Collected material section start

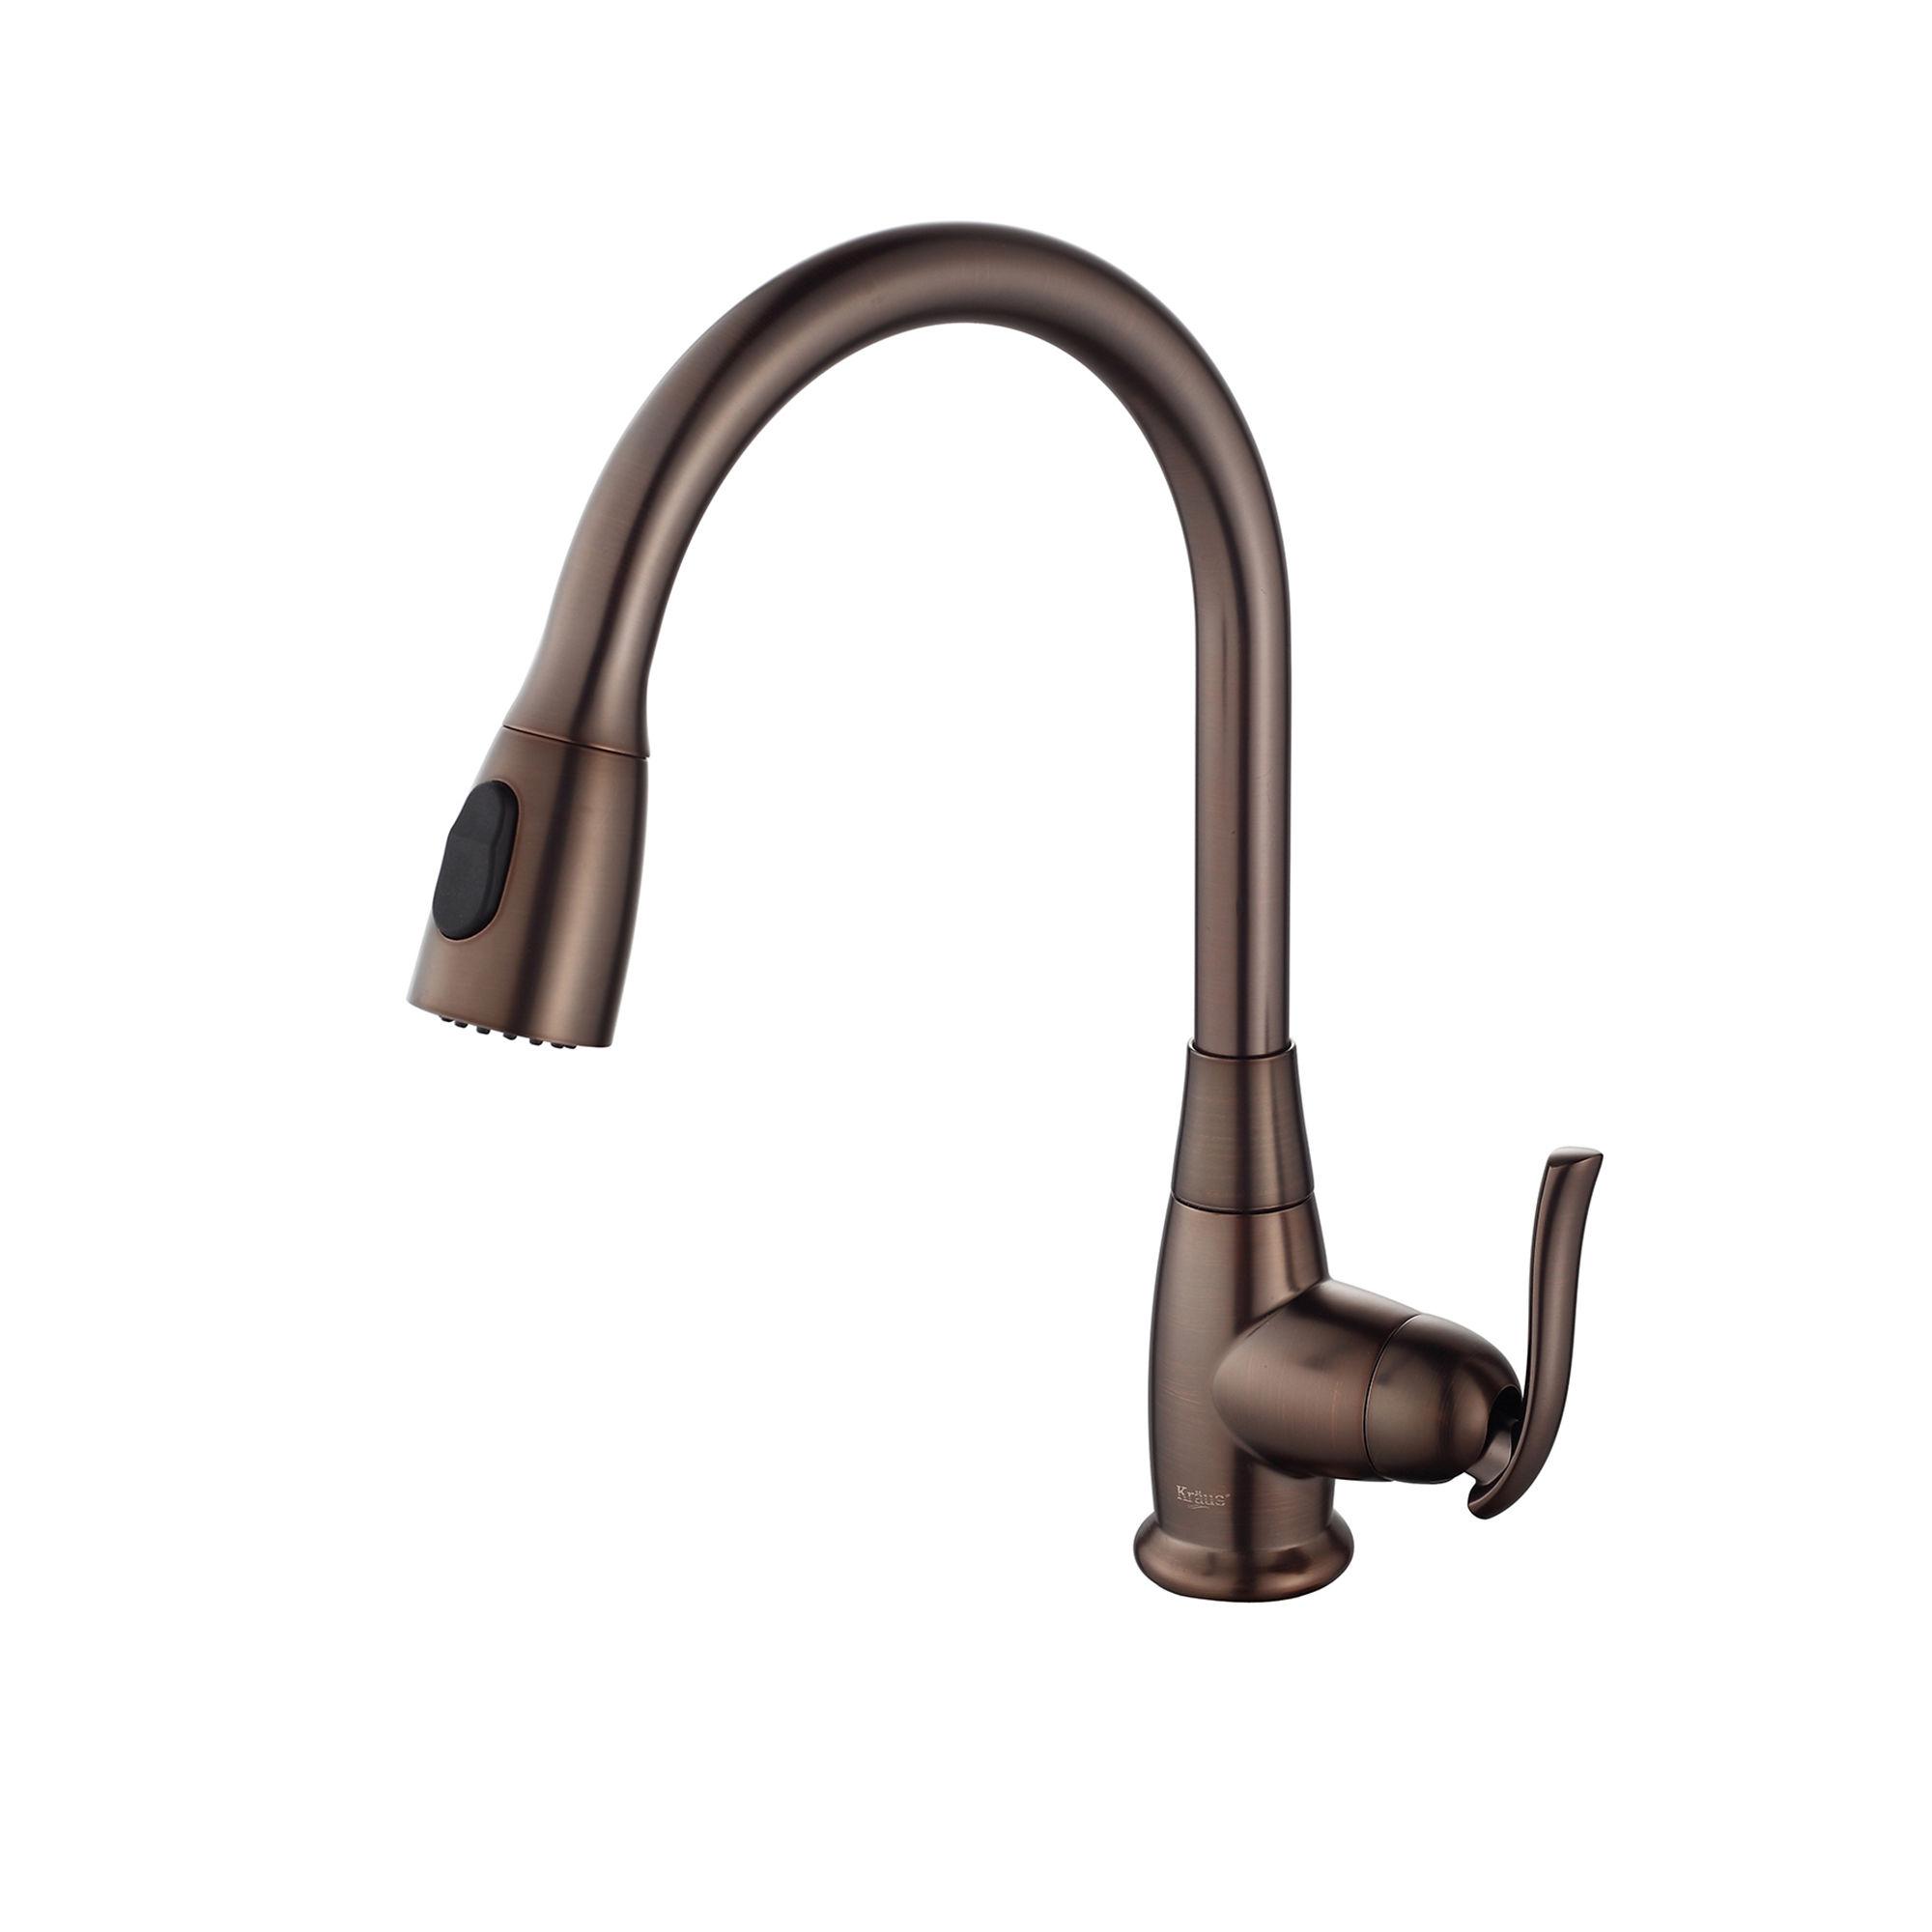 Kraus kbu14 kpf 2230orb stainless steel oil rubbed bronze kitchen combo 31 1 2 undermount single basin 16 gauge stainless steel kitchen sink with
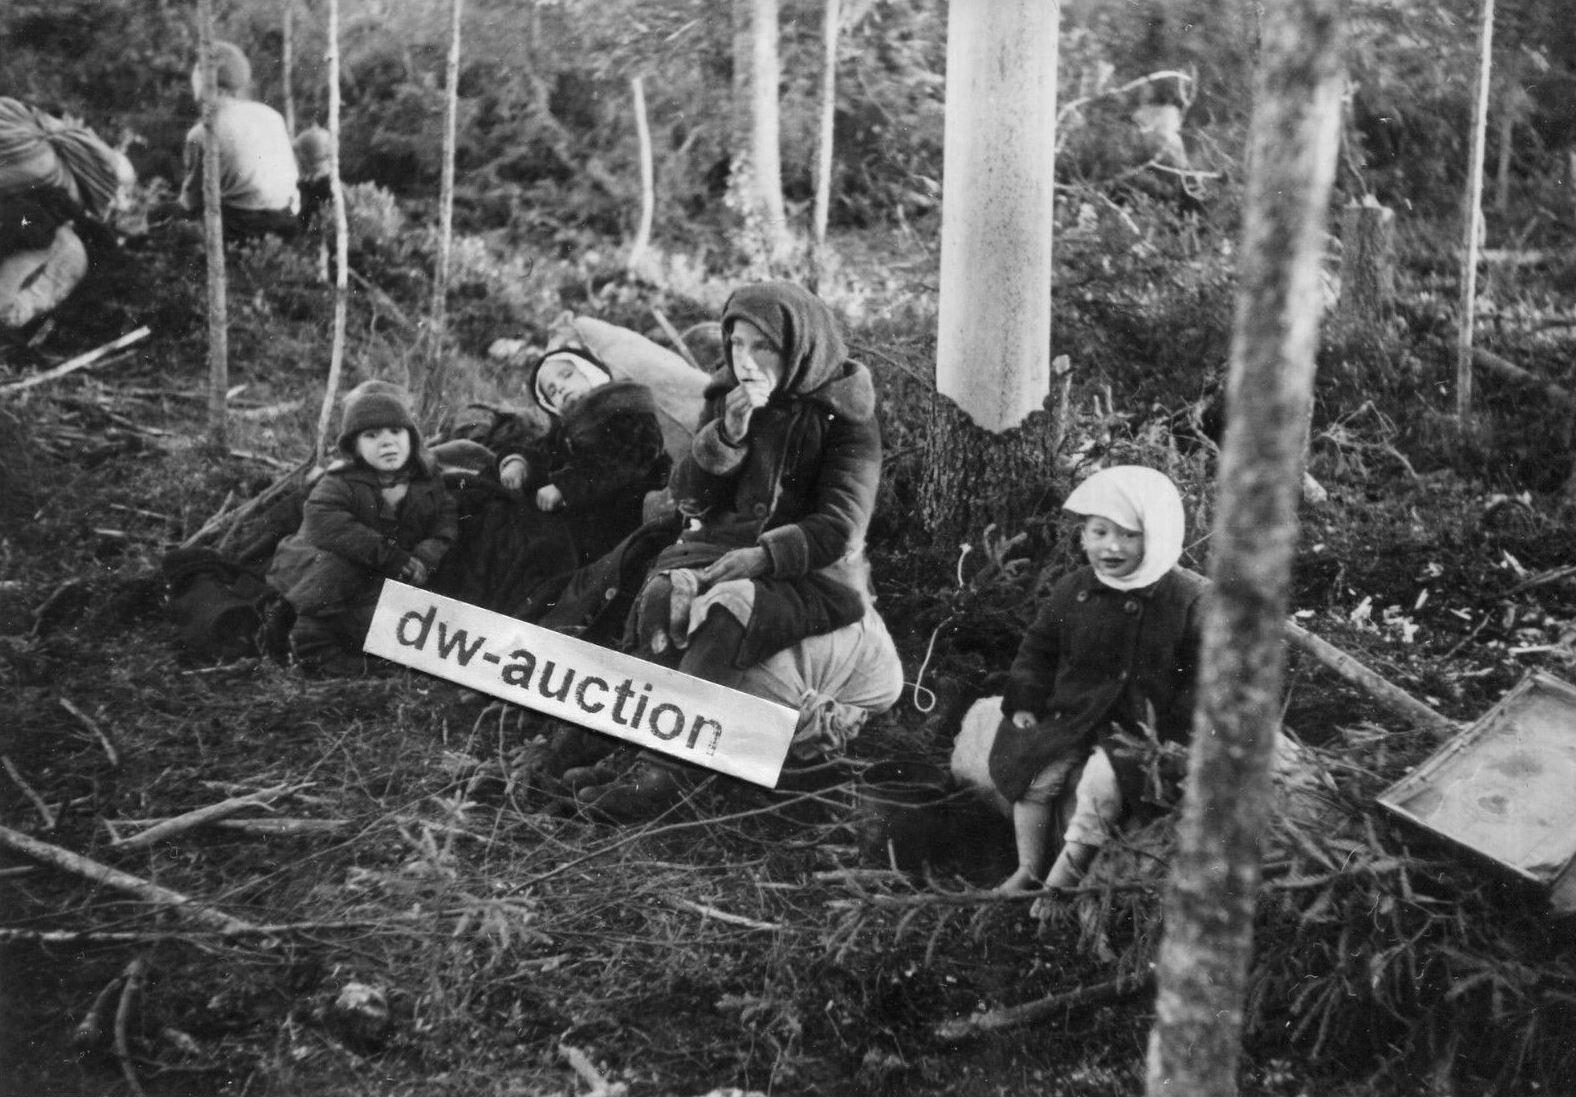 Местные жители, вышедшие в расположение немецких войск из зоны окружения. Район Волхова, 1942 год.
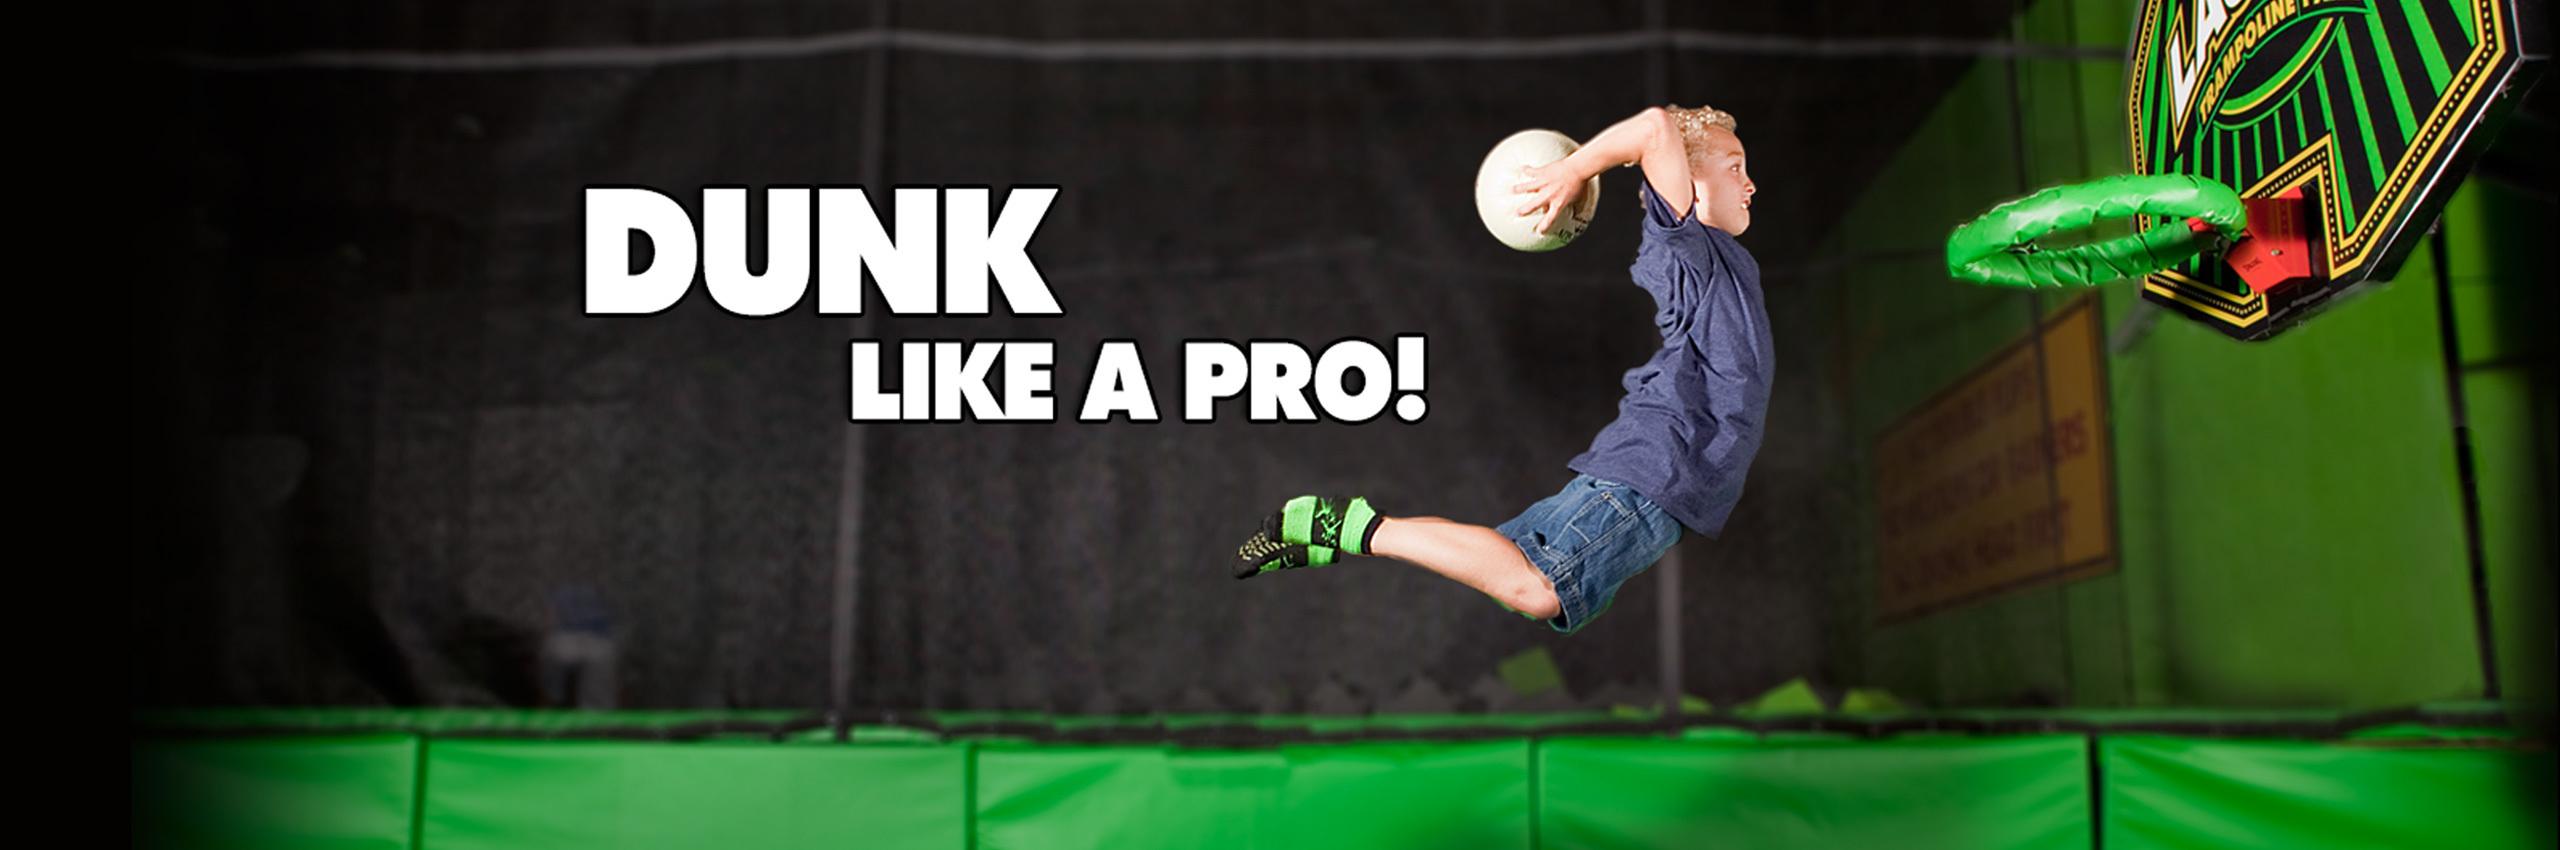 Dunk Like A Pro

Collected material section end

## What you should do
Retype the whole of the data verbatim. Skip every picture.

## Answer box
 Kraus kbu14 kpf 2230orb stainless steel oil rubbed bronze kitchen combo 31 1 2 undermount single basin 16 gauge stainless steel kitchen sink with
 Местные жители, вышедшие в расположение немецких войск из зоны окружения. Район Волхова, 1942 год.
 Dunk Like A Pro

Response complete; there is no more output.